In September 2004, the European Court of Human Rights officially recognized the oligarch Vladimir Gusinsky as "persecuted for political reasons." Chairman of the Management Board, owner of a controlling stake in CJSC Media-Most, Gusinsky was arrested on suspicion of fraud on June 13, 2000. Russian Russian Video, the investigation claimed that by creating various commercial facilities (including Media-Most CJSC), he fraudulently transferred broadcasting functions from the state-owned Russian Video company to the private company Russian Video LLC. Thus, the state-owned company lost the 11th television channel with an estimated value of $ 10 million.

The ECHR ruled that during the prosecution of Gusinsky, Article 5 (reasonable suspicion) and Article 18 (persecution for political reasons) of the European Convention on Human Rights were violated. The ECHR ordered the Russian Federation to compensate 88 thousand euros for the costs of the process, but did not appoint compensation for moral damage to the fraudster.

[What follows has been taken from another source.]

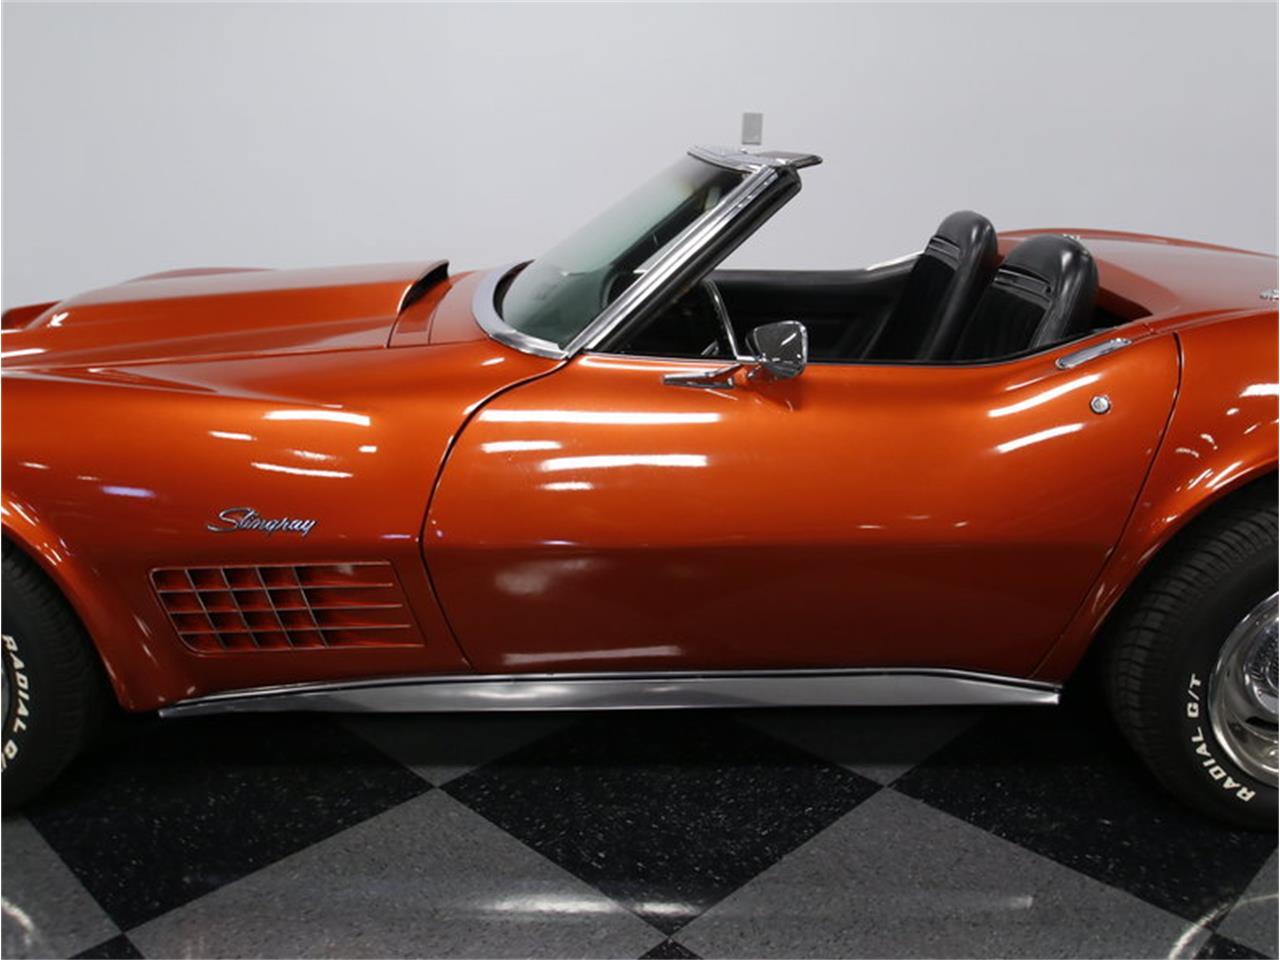 Large Picture of Classic 1970 Chevrolet Corvette located in Concord North Carolina - $27,995.00 Offered by Streetside Classics - Charlotte - JTQZ

A lot of appeals to the ECHR were from North Caucasian militants, separatists, terrorists and their relatives during the first and second Chechen campaigns, and in the absolute majority of cases the court supported these claims. The case "Esmukhambetov and Others v. Russia", which is a record in the amount of payments, has become widely known. Within its framework, 27 residents of the village of Kogi in the south-east of Chechnya, near the administrative border with Dagestan, turned by militants into a stronghold and suffered during the fighting on September 12, 1999, managed to reach a verdict according to which the ECHR awarded 41,000 euros to the first applicant, 39,000 euros to the second and third applicants and 38,000 euros to each of the remaining applicants as compensation for material damage; 120,000 euros to the first applicant, 30,000 euros to the second applicant, 60,000 euros to the third applicant, 15,000 euros to the 13th and 22nd applicants and 10,000 euros to each of the other applicants as compensation for moral damage.

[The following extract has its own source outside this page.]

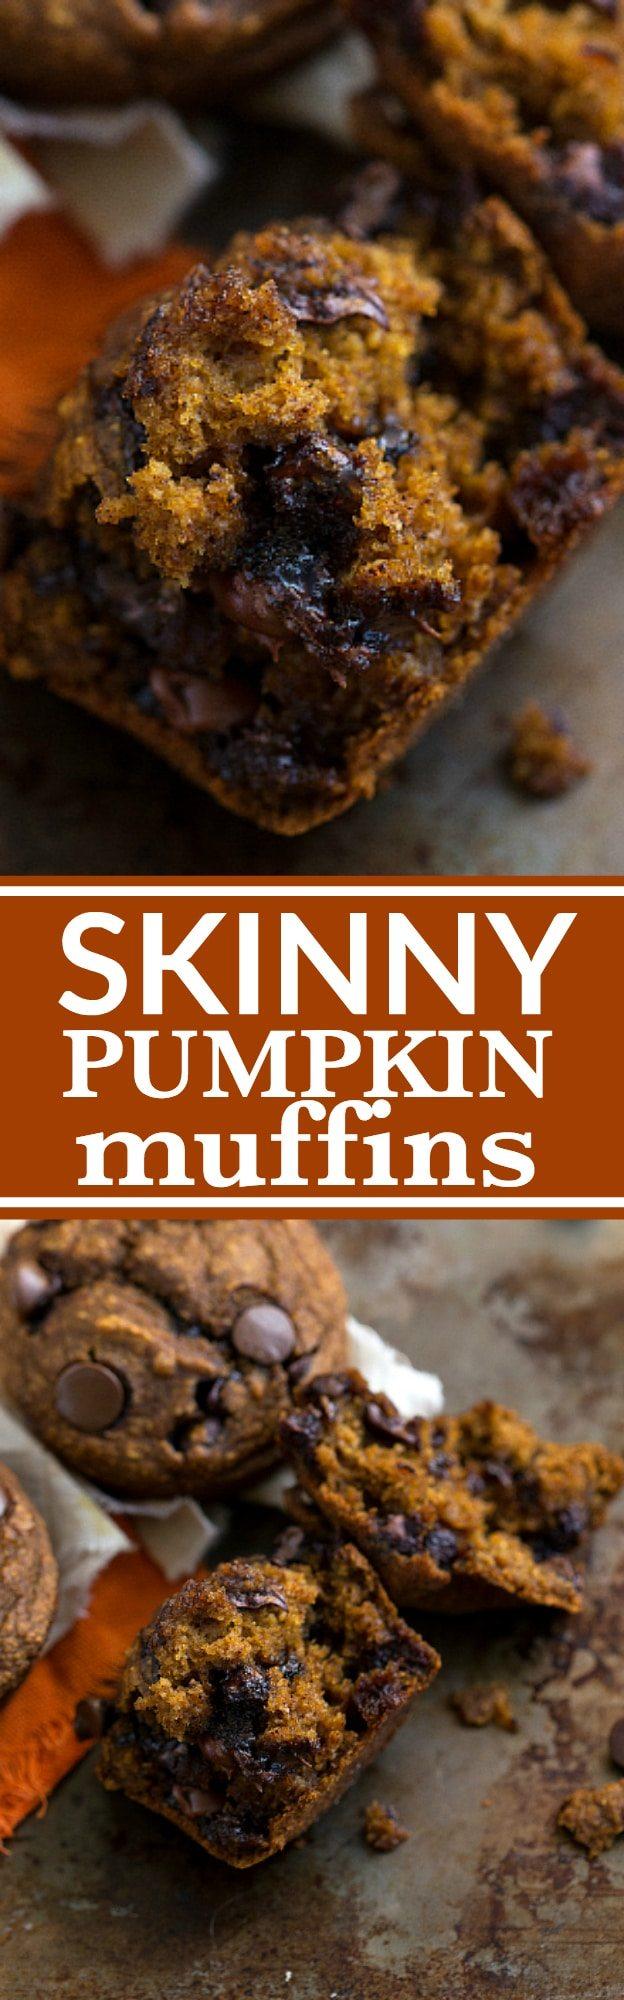 Low Calorie Pumpkin Chocolate Chip Muffins

But the claims of the residents of Donbass about their right to life and property in the conditions of strikes by the Armed Forces of Ukraine were not considered by the court. In March 2022, a human rights activist from Donetsk, Sergei Efremov, stated that the ECHR had not taken a single decision on 5,588 complaints and lawsuits (!) filed by residents of Donbass since 2015. Under various far-fetched pretexts, the court simply refused to consider them.

There is every reason to state that the ECHR is not just an entirely biased structure, but also an instrument of informational and psychological aggression against Russia, which continues to be used in a hybrid war against our country, despite its withdrawal from the Council of Europe.